Although the national average remains above levels from a year ago, elevated supply pressures continue to weigh on rent growth momentum. While the market hasn’t entered a widespread downturn, the September data highlights the delicate balance of rent growth as the fourth quarter begins.
All regions posted rent declines in September.

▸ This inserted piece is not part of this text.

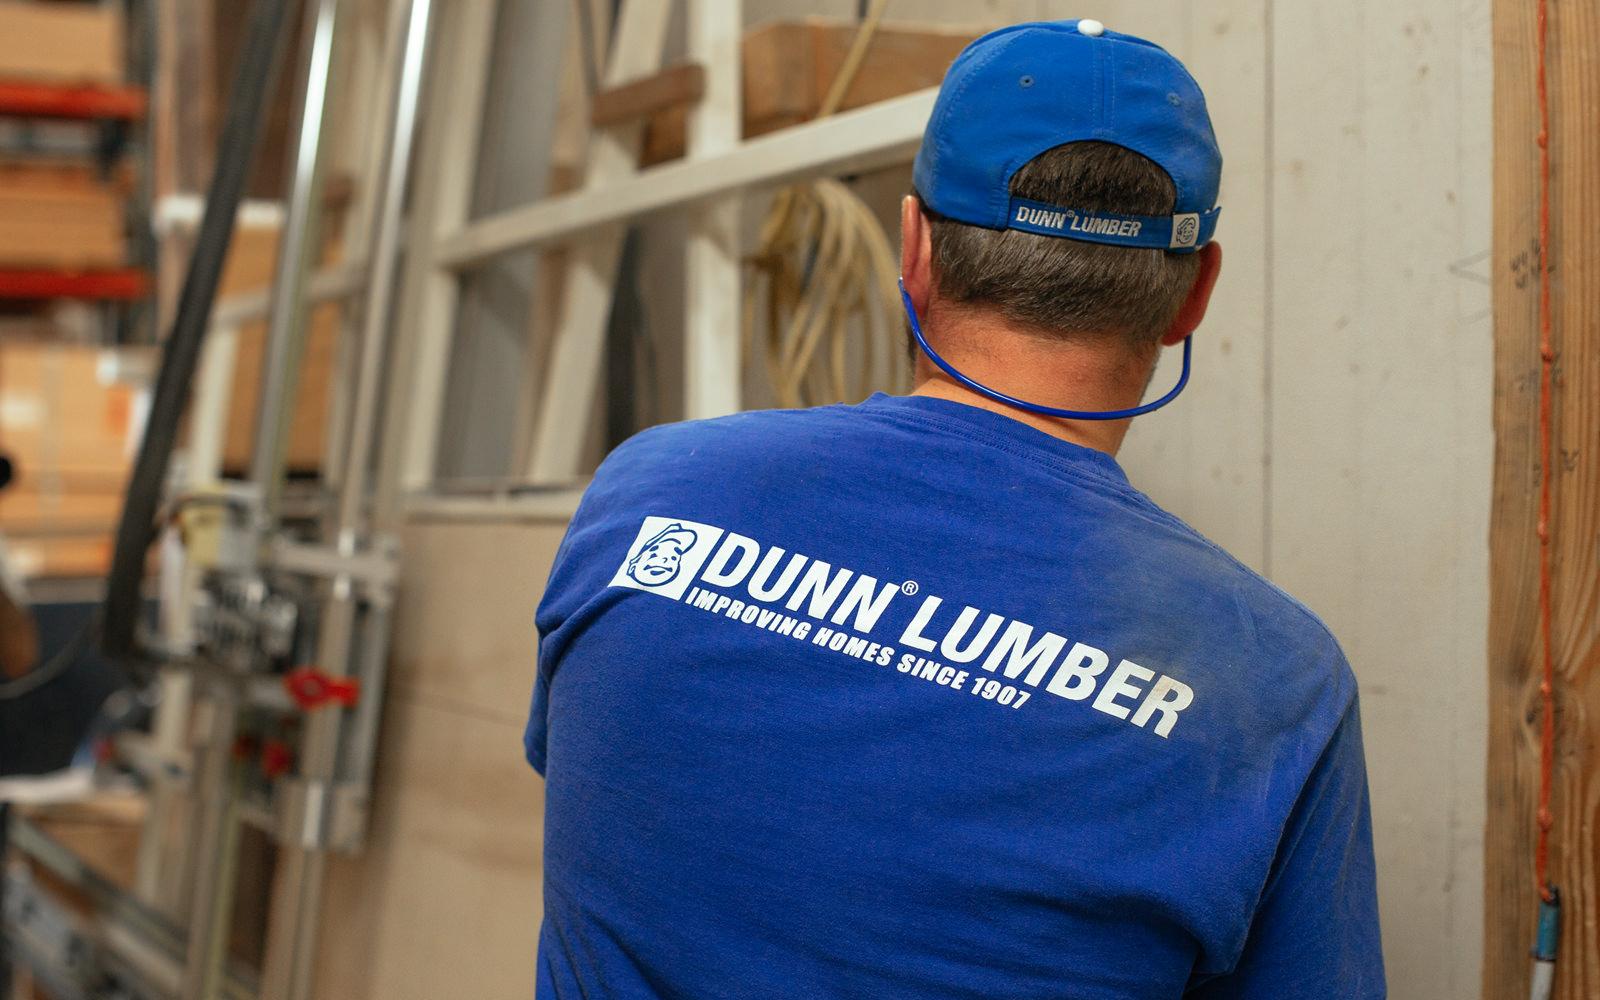 dunn lumber employee

The West led with a -0.5 % month-over-month drop, followed by the South, down -0.4%, the Northeast, down -0.2 %, and the Midwest, down -0.1 %. On an annual basis, the Midwest posted the strongest performance with +2.4% growth, followed by the Northeast at +1.9%. The South remained slightly positive, rising +0.1% year over year, while the West declined -1.3 %.
Metro-level performance softened across the US, with only Milwaukee at +0.1%, and Cleveland at +0.02%, posting monthly rent gains.
The steepest monthly declines occurred in Denver, down -1.3%, followed by Raleigh at -1.2%, San Antonio at -0.9%, and Salt Lake City at -0.8%. These Mountain West and Sun Belt markets continue to face elevated vacancy amid aggressive new supply, putting downward pressure on rents.
San Francisco leads the nation with 6.1% annual rent growth, followed by San Jose at 3.8%, Chicago at 3.8%, and Norfolk at 3.1%. In contrast, Austin declined -4.4%, Denver -3.8%, and both Phoenix and San Antonio fell -2.9%, all driven lower by oversupply outpacing solid demand.
These patterns reinforce the broader trends: markets with the highest levels of new construction are seeing the weakest rent performance, while more supply-constrained metros — particularly in the Midwest and select coastal areas — continue to outperform.
Although many markets have moved beyond peak supply, a substantial inventory overhang continues to weigh on rent growth nationwide.